Of all the possibilities for the third round of the Stanley Cup playoffs, that combination of events is one of the most realistic. For the Kings, this would mean an improbable 12-1 romp through the conference portion of the dance, followed by roughly 10 or 11 days before the final series commences.

For the opposition, it would mean either three or four days of rest, refocusing and turning the page for either a Rangers team coming off the maximum 21 games or a Devils team with 19 games already on its log.

Advantage Los Angeles? Not necessarily.

The notion that a disproportionately protracted layoff between playoff rounds comes back to drop the other skate on a previously dominant team probably gets more credit than it deserves. With that said, it does have some credibility based on historical evidence, both in hockey and in other sports.

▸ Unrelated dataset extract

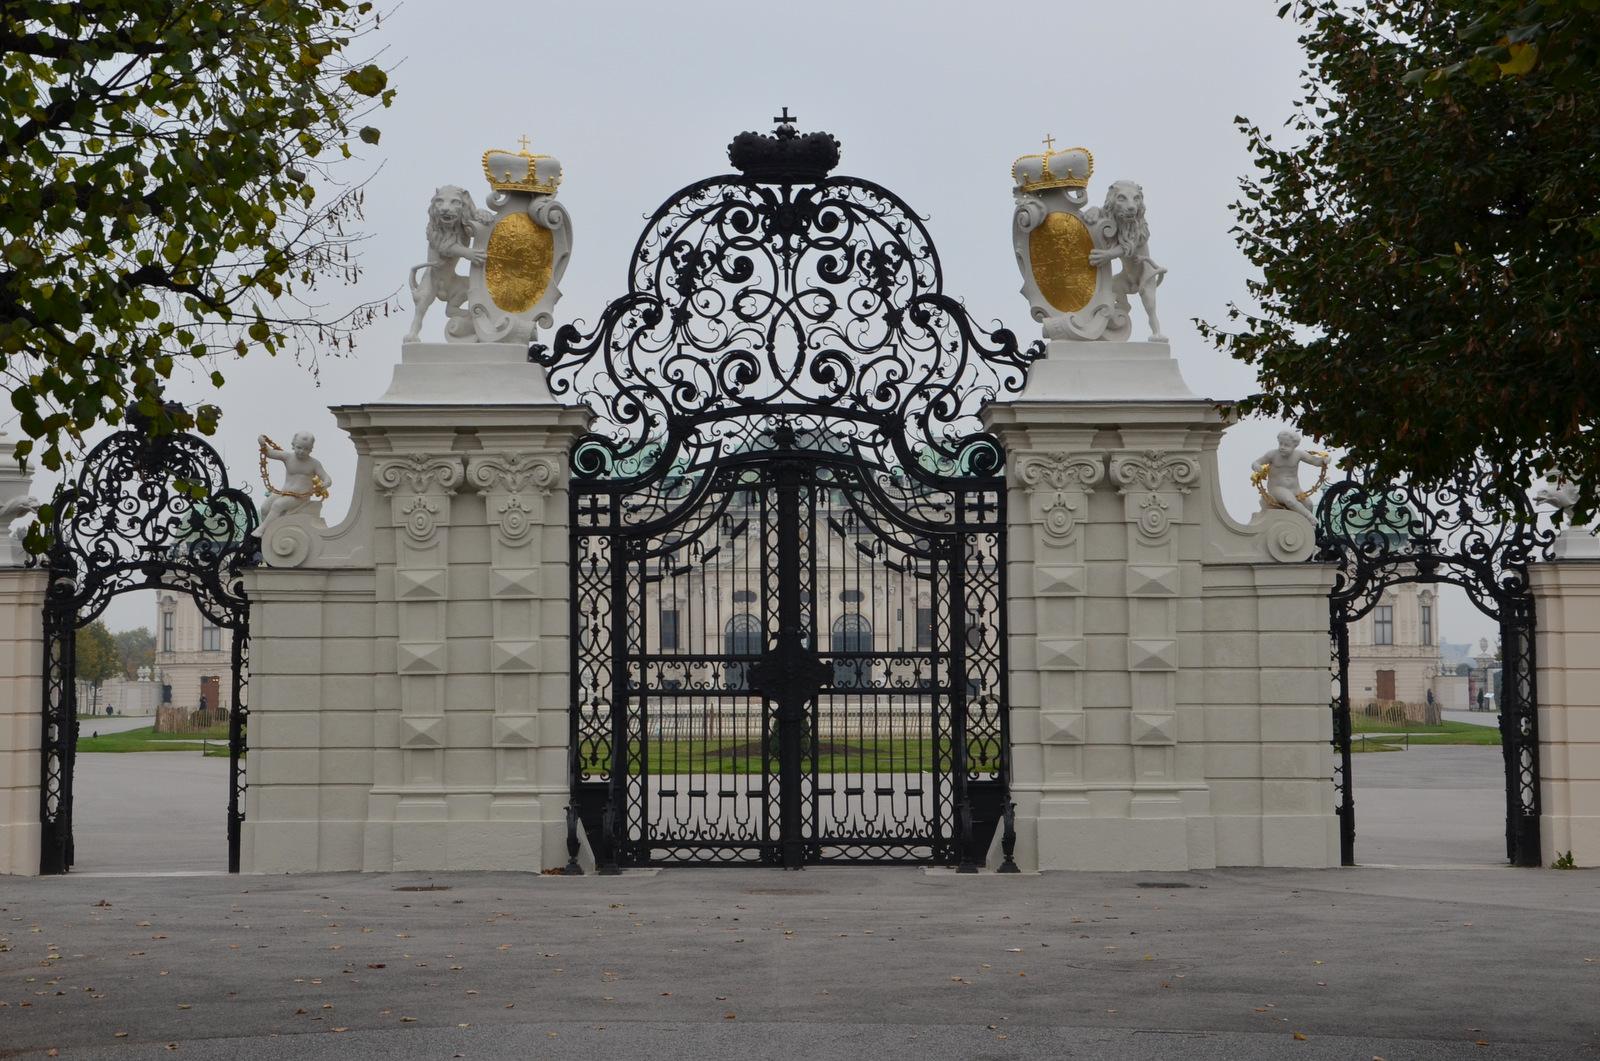 Dunaj je mesto cesarjev
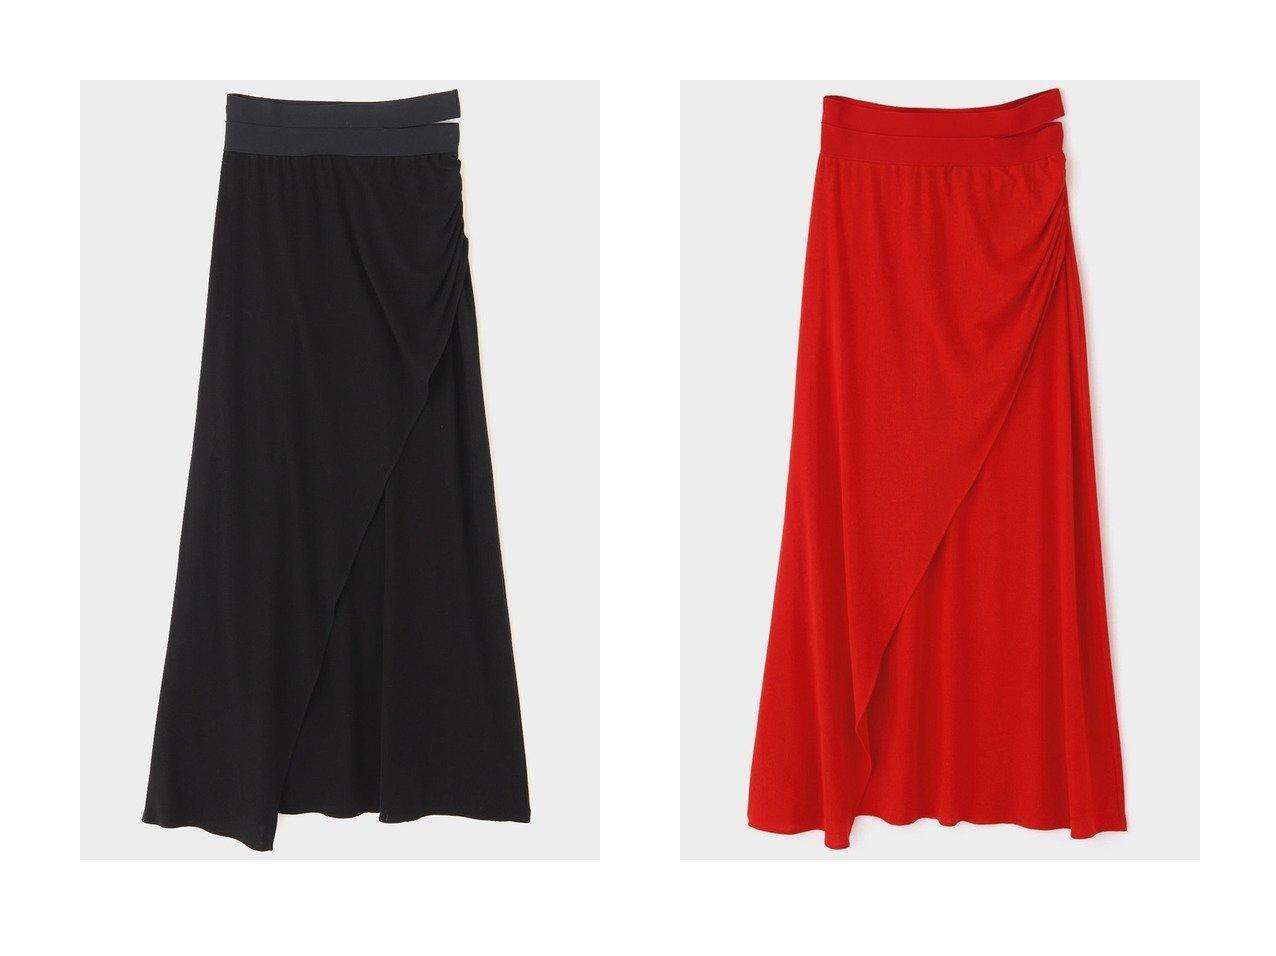 【LE PHIL/ル フィル】のスキンジャージースカート 【スカート】おすすめ!人気、トレンド・レディースファッションの通販 おすすめで人気の流行・トレンド、ファッションの通販商品 インテリア・家具・メンズファッション・キッズファッション・レディースファッション・服の通販 founy(ファニー) https://founy.com/ ファッション Fashion レディースファッション WOMEN スカート Skirt ロングスカート Long Skirt 2020年 2020 2020-2021秋冬・A/W AW・Autumn/Winter・FW・Fall-Winter/2020-2021 2021年 2021 2021-2022秋冬・A/W AW・Autumn/Winter・FW・Fall-Winter・2021-2022 A/W・秋冬 AW・Autumn/Winter・FW・Fall-Winter おすすめ Recommend ギャザー シンプル ジャージー ドレープ ラップ リラックス ロング  ID:crp329100000068445

The NBA has at least two pieces of evidence that favors the other side of this debate. In 2001, the defending champion Los Angeles Lakers waited 10 days after sweeping the San Antonio Spurs to start clashing with the Philadelphia 76ers, who were three days removed from a Game 7 triumph over Milwaukee. The Lakers defended their crown in five games.

The same held true for the 1996 Chicago Bulls, who were not rusty in the least when they topped the Seattle Supersonics.



But in five of the last seven times any North American major sports championship had one finalist coming off a seven-game victory and the other a sweep, fresher momentum has prevailed over fresher legs.

Leading up to the 2007 World Series, the Cinderella Colorado Rockies went 7...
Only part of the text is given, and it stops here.